Lela’s strongest strength is Perseverance. “I have called upon it many times when my child has gone through teething or was unsettled. Using this strength gives me a strong resolve that I can get through this, no matter how trying. It gives me confidence that I don’t have to be the perfect parent – I just have to be me and that’s more than enough. I’m being authentic by not trying to be perfect.”


Lea Waters book, The Strength Switch: How the new science of strength-based parenting can help you and your child flourish is due in early 2017 (Penguin).

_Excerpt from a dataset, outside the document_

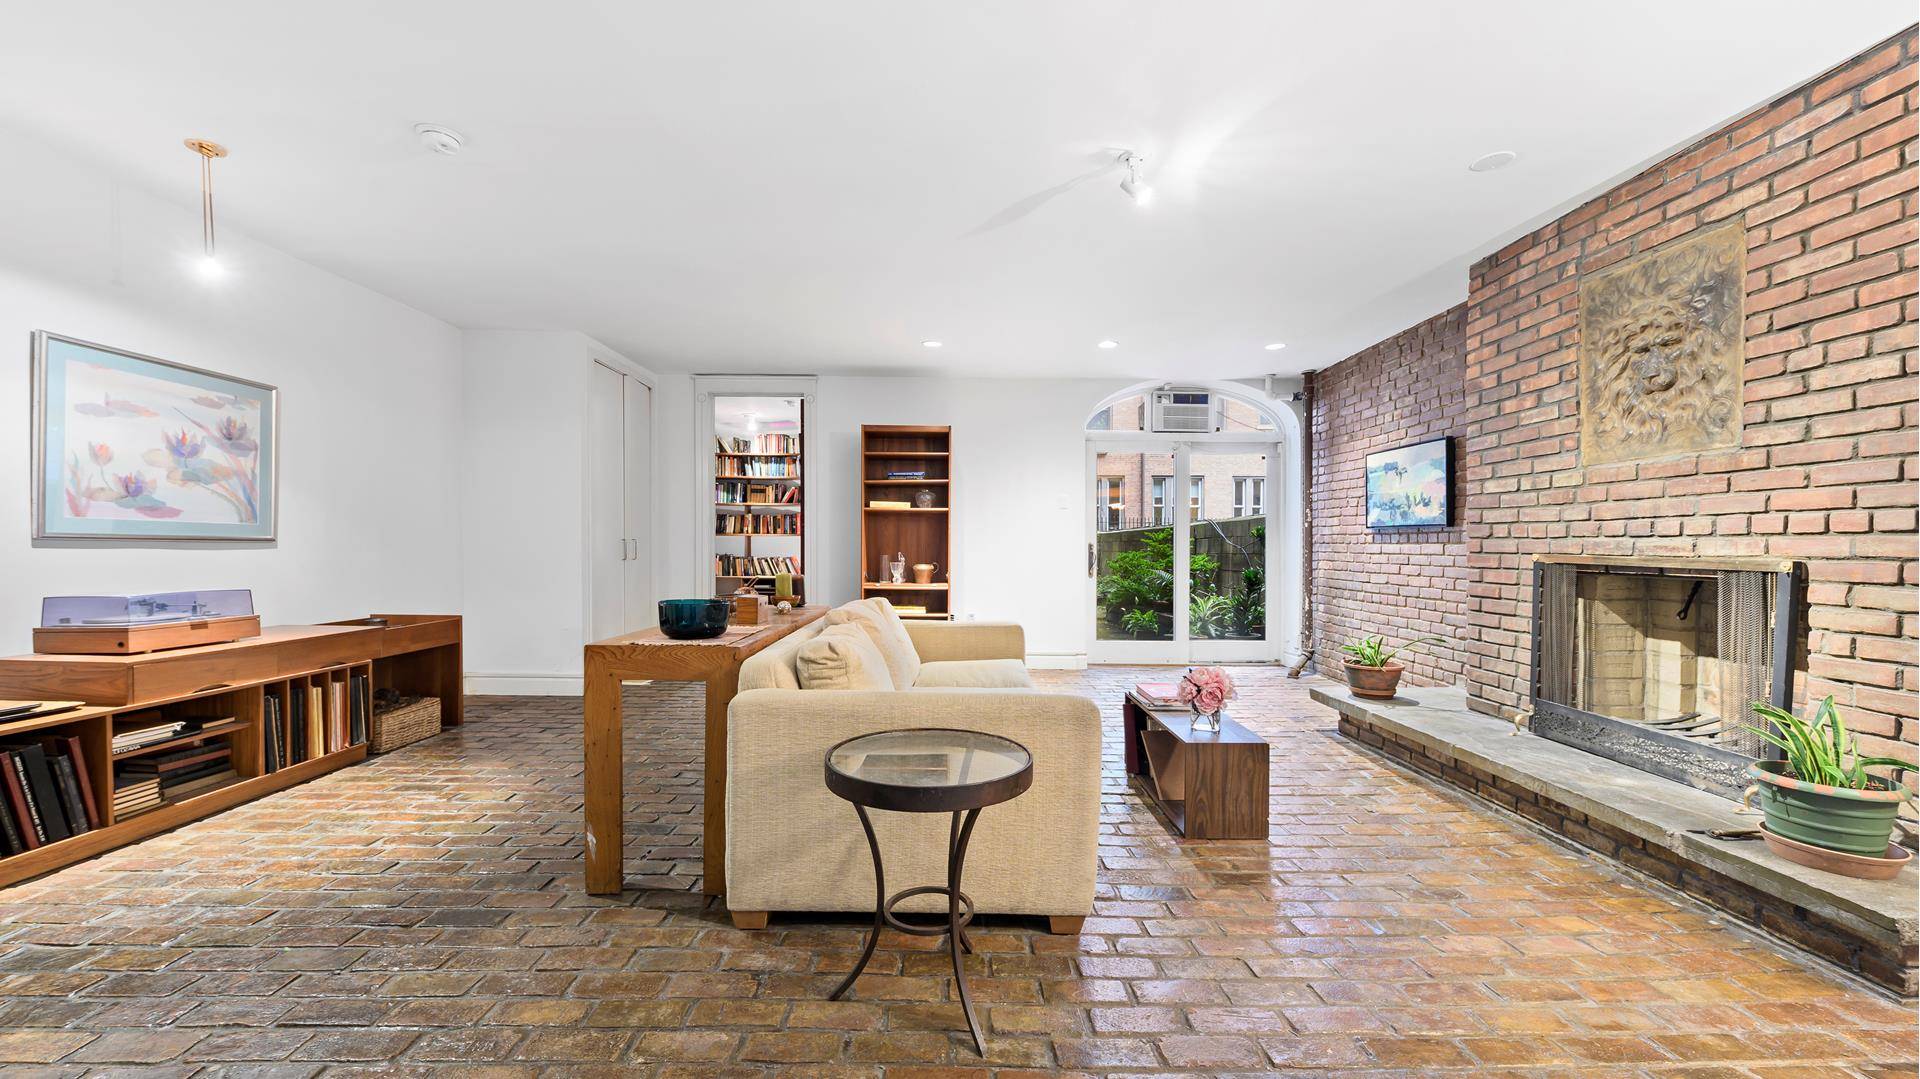 This generously sized, garden level duplex apartment is located in a boutique coop building on one of the Upper West Side's most picturesque blocks.

Each copy of Strengths Based Parenting: Developing Your Children’s Innate Talents by former teacher and educational psychologist Mary Reckmeyer (Simon & Schuster, $32.99) contains an access code to the adult and child versions of the Clifton Strengths Finder tool on the Gallup websiteThe tool was developed by Dr Donald O. Clifton, the founder of strengths-based psychology. The book explores all 10 StrengthsFinder strengths for 10 to 14 year olds like Discoverer, Future Thinker and Caring, and guides parents to spot these strengths in younger children. It also explores all 34 adult strengths to help you spot your own.